Toujours est-il qu’ici, vous incarnez Rohn, membre de la Garde Céleste d’Asylia, Royaume dont la cité-forteresse ressemble fortement à Minas Tirith. Au cours d’un discours pompeux dicté par un politicien que l’on sent déjà corrompu, des catapultes Makai, le voisin qui ne s’était jamais montré hostile auparavant, s’attaquent aux avant-postes de la cité. Contentons-nous de ce préambule, regroupant nombre de clichés du genre, car il vaut mieux passer sous silence un gag assez affligeant à base de ronflements. Ni une ni deux, nous voilà donc face à notre monture de muscles et d’écailles, prêt à contrecarrer l’offensive ennemie. Et c’est à ces instants précis, lorsque la créature émerge des profondeurs de son enclos et que Rohn adresse une caresse amicale à sa partenaire (oui c’est une dragonne dont il s’agit), oui c’est à ces moments-là que le jeu prend enfin tout son sens.

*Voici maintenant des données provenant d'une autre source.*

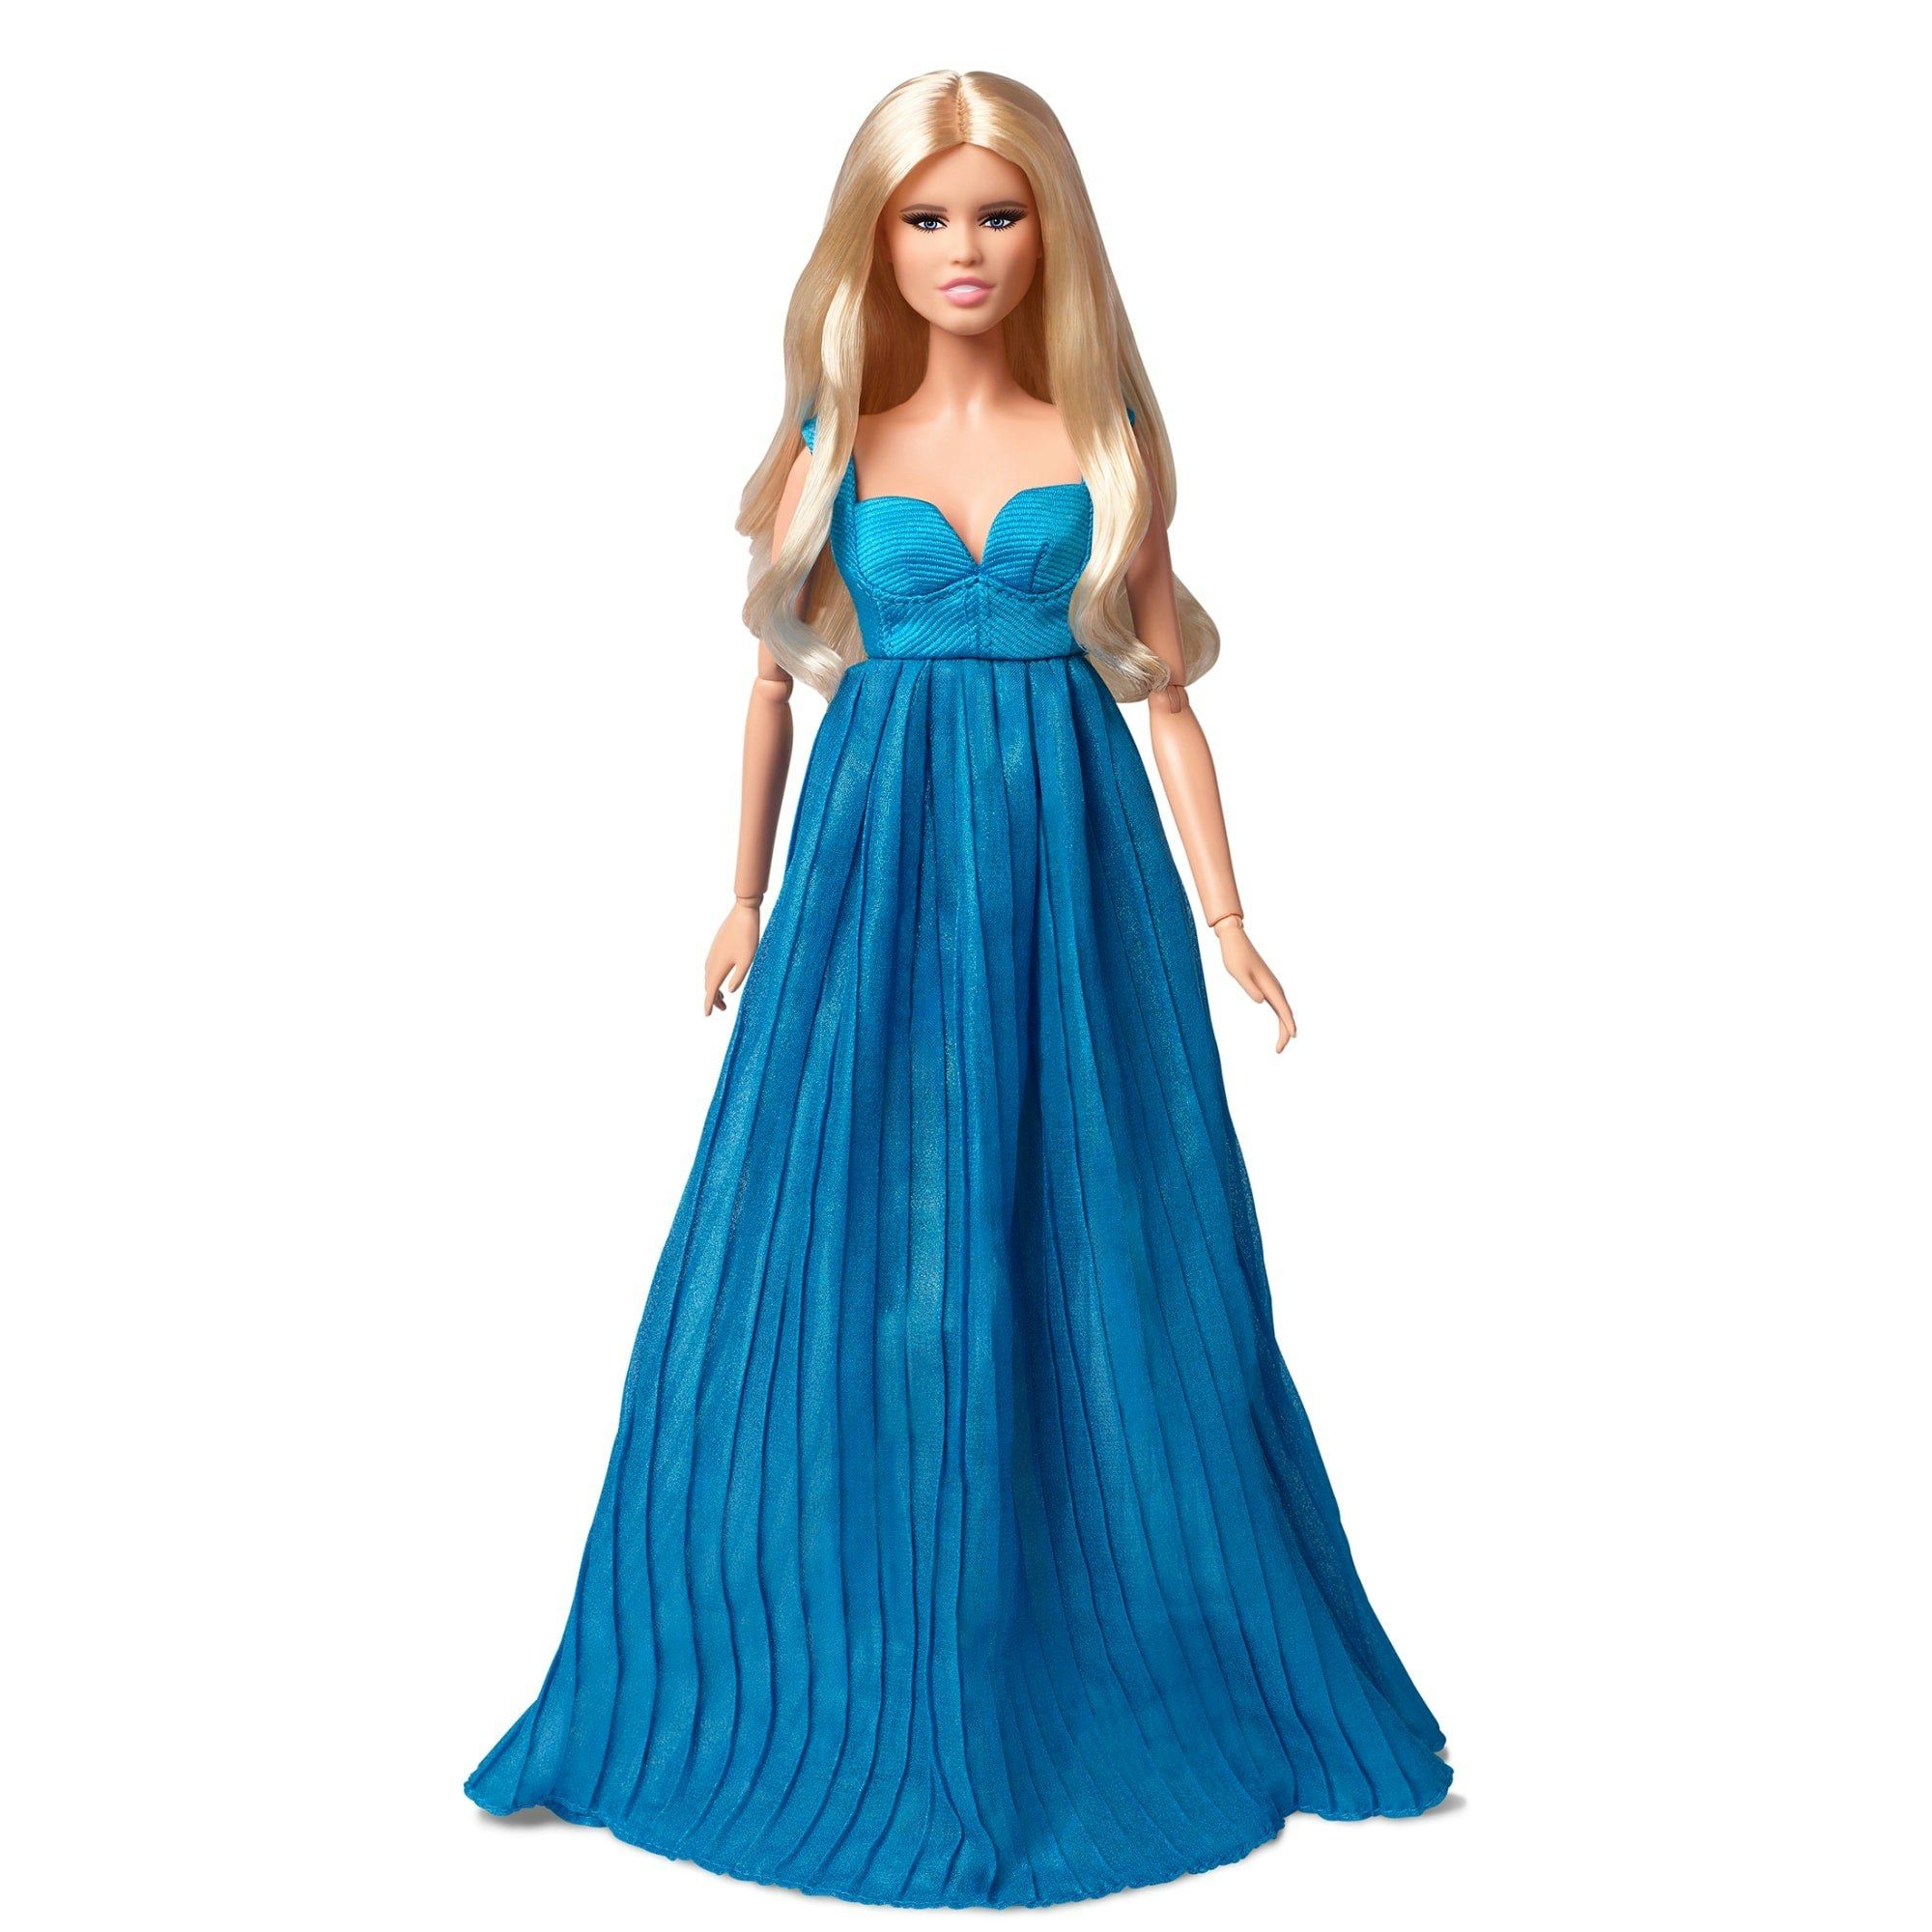 Shop White Gown Barbie Doll online | Lazada.com.ph

Quel plaisir grisant de survoler majestueusement des territoires immenses, où se dressent tours, contreforts et bâtiments de toutes sortes, guidé que nous sommes par une musique enivrante et en adéquation avec l’univers. On frémit et s’impatiente déjà à l’idée de maîtriser parfaitement les commandes pour dompter notre créature et profiter pleinement de ses arabesques, volte-face et plongées dans les vallées stériles du Royaume. Le plaisir visuel est à son apogée… et la Sixaxis nous ramène sur terre.